Re: C.12 types of declared values for attributes? from lee@sq.com on 1996-10-18 (w3c-sgml-wg@w3.org from October 1996)

From: <lee@sq.com>
Date: Fri, 18 Oct 96 10:26:26 EDT
To: dgd@cs.bu.edu, w3c-sgml-wg@w3.org
Message-Id: <9610181426.AA05677@sqrex.sq.com>

David G. Durand <dgd@cs.bu.edu> wrote:
> We should either expand the space as originally suggested; I like regexp
> myself, and it's a drop-in in any language I can imagine people using for
> an XML parser (C, C++, Java).
> 
>    Otherwise, we should just go for CDATA, IDREF, and enumerated attributes
> and bag the rest (ID should always be legal, and always be an attribute
> called "id", I think). [...]

I agree with you about regexp.  Few people today would design a language
with anything other than POSIX-style internationalised regular expressions
(e.g. they have [:lower:], which refers to all lower case letters where
[a-z] doesn't, as it omits AE-ligature, edh, e-acute, etc., used even
in English outside certain countries...).

You're also correct that there are regexp drop-ins for C, C++, Java and
most other programming languges.  Heck, even for FORTRAN probably :-)

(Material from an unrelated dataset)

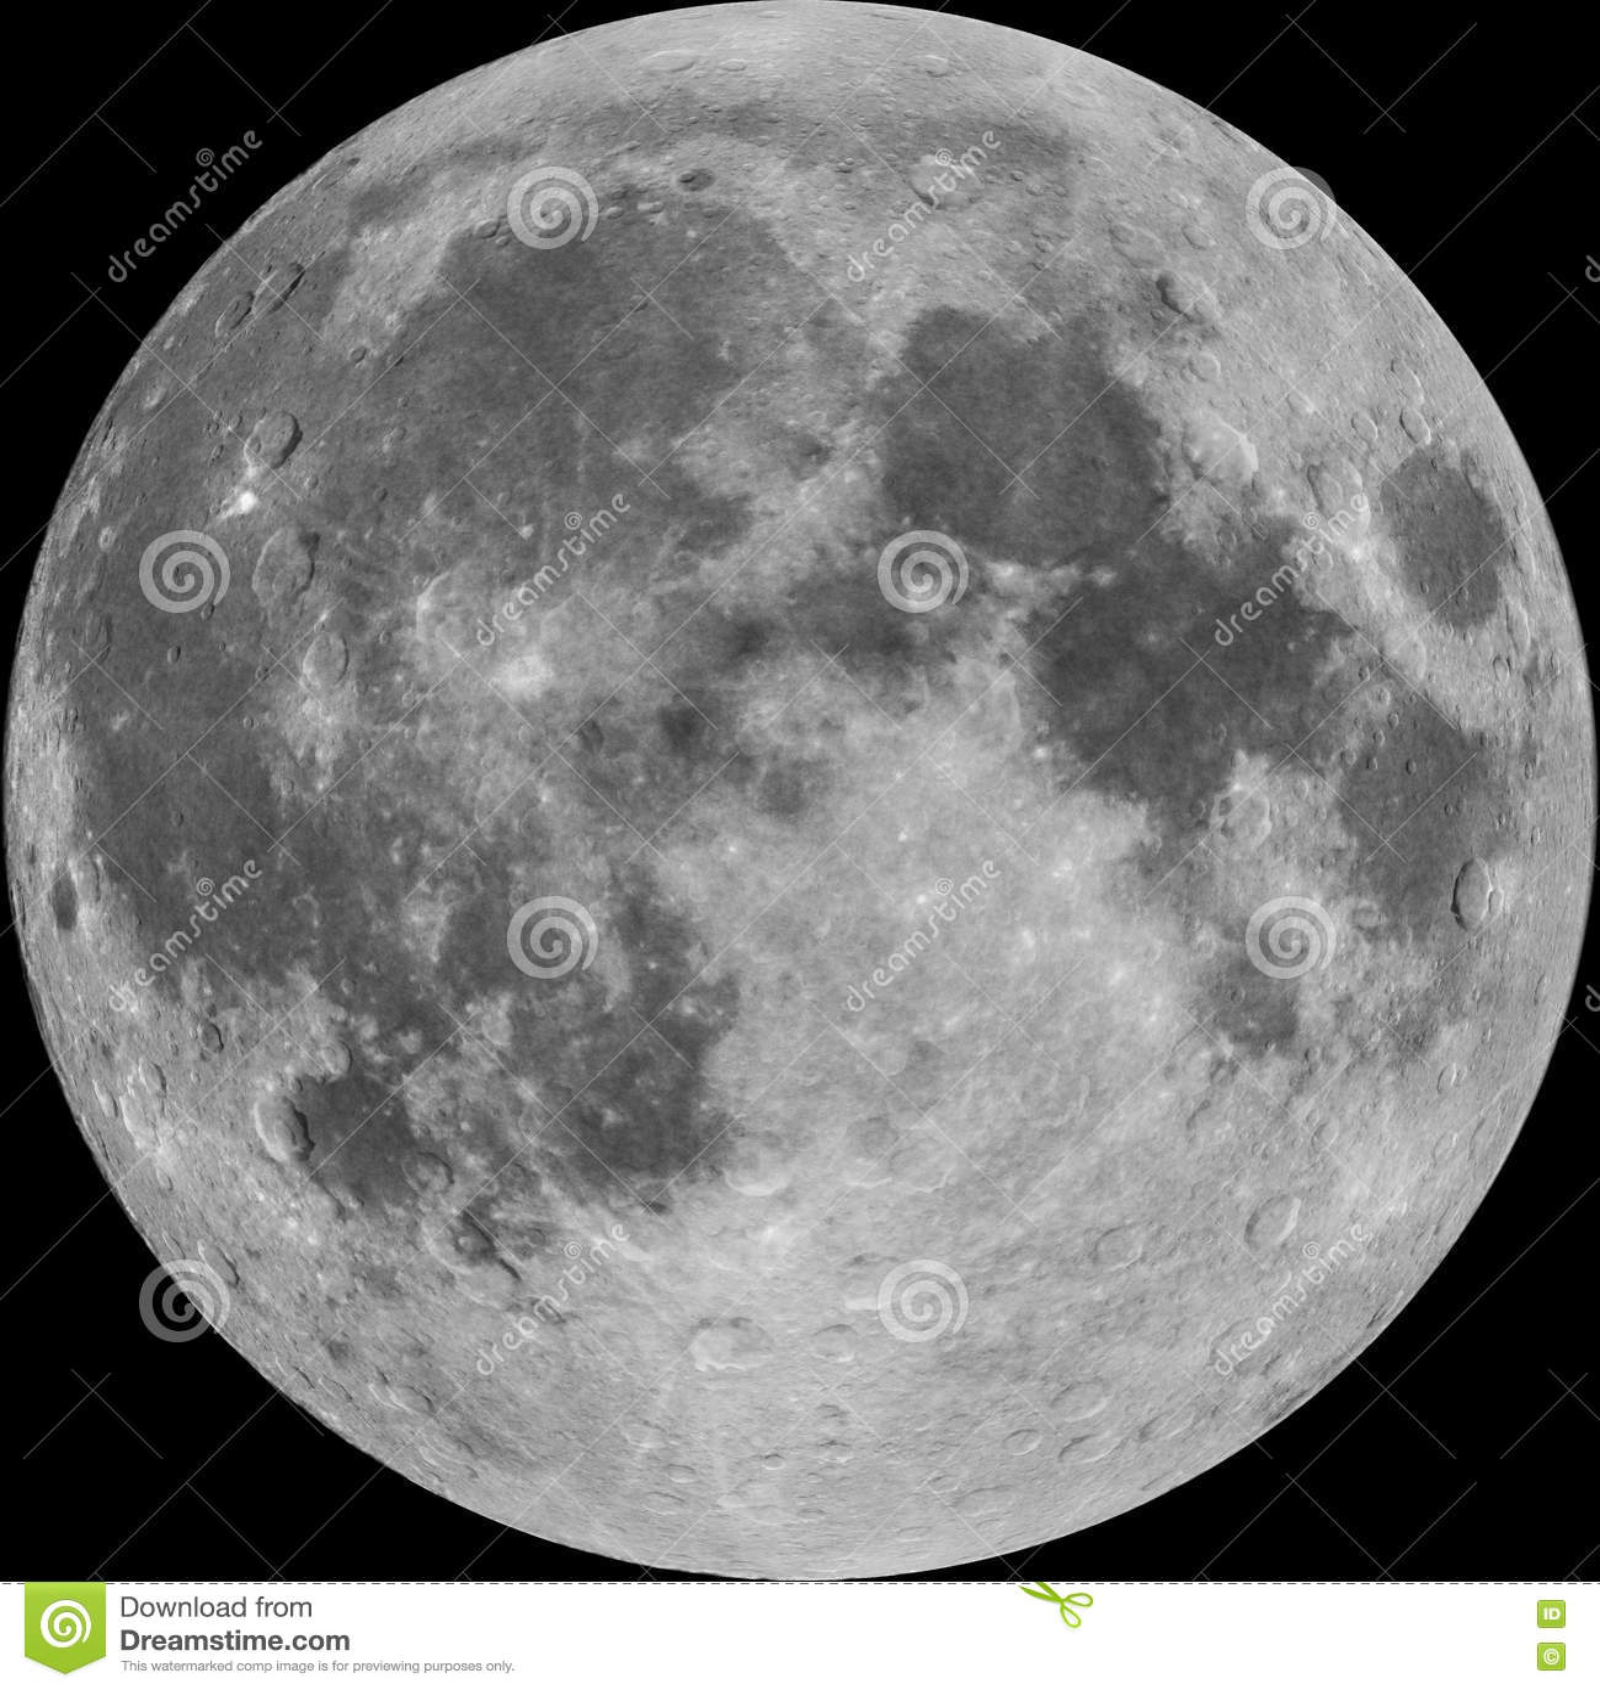 Vollmond, Foto kombinierte mit den erläuterten Kratern, lokalisiert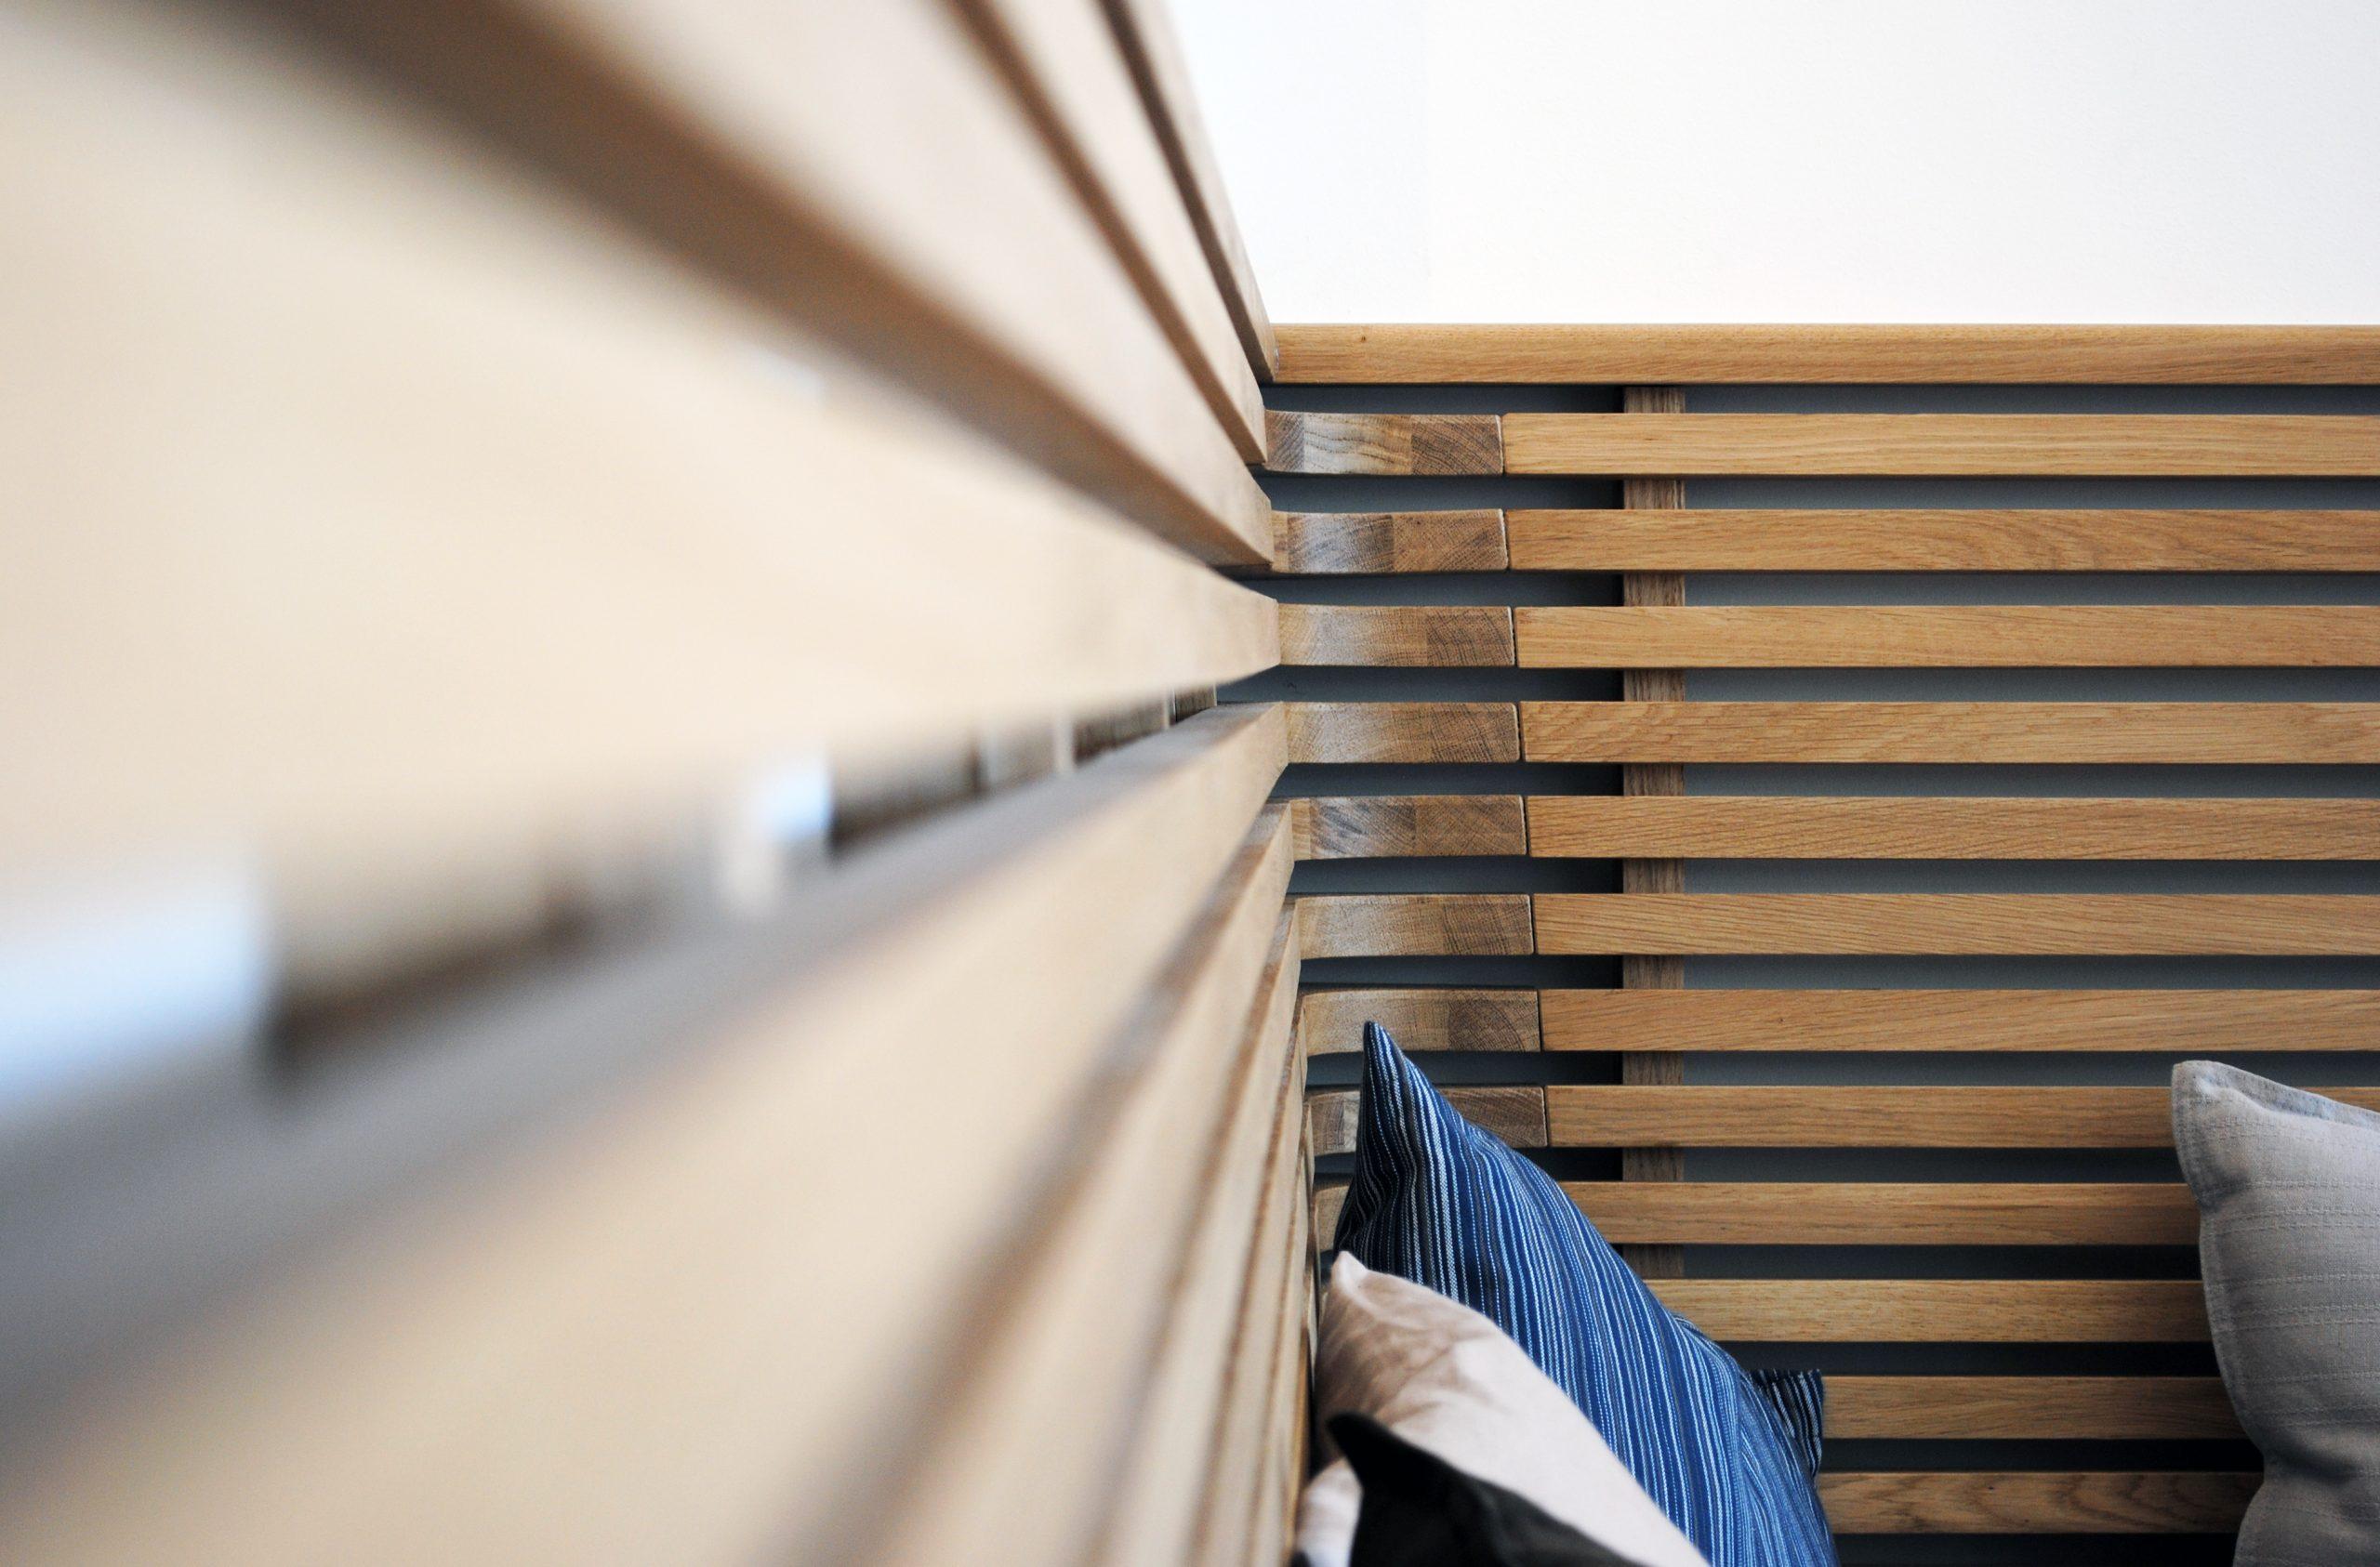 jacob-mayer-voigt-architekt-interior-design-sitzbank-holz

Non-standard regexps -- the defacto standard is significantly more
influential than ISO, and has been for over 15 years, to the extent that
even applications such as Microsoft Word use "standard" regular expression
semantics int he Advanced Search -- non-standard regexps are a curse
and and cannot be justified.

But this applies to content models as well as recognition of attributes.

*

>    Otherwise, we should just go for CDATA, IDREF, and enumerated attributes
> and bag the rest (ID should always be legal, and always be an attribute
> called "id", I think). [...]

I would rather see every attribute called ID or beginning with ID. be an ID,
and allow multiple ones -- the SGML restriction makes no sense to me at all,
and in any case can't be enforced without a DTD.  But you can always use
CDATA for all except one (or all) of the ID attributes you want, and
check them with application-level code, which is what people do today
with SGML, whilst they are wondering why they have to do that :-)
SO I could live with just ID.

If people can't accept the use of fixed attribute names, a prefix would
probably work: xml.id for example.

The same sort of convention is needed for IDREF, and xml.idref is more
appealing to me, as it's easy to explain tht attribute names starting
with xml. are reserved.

Lee

Received on Friday, 18 October 1996 10:26:47 UTC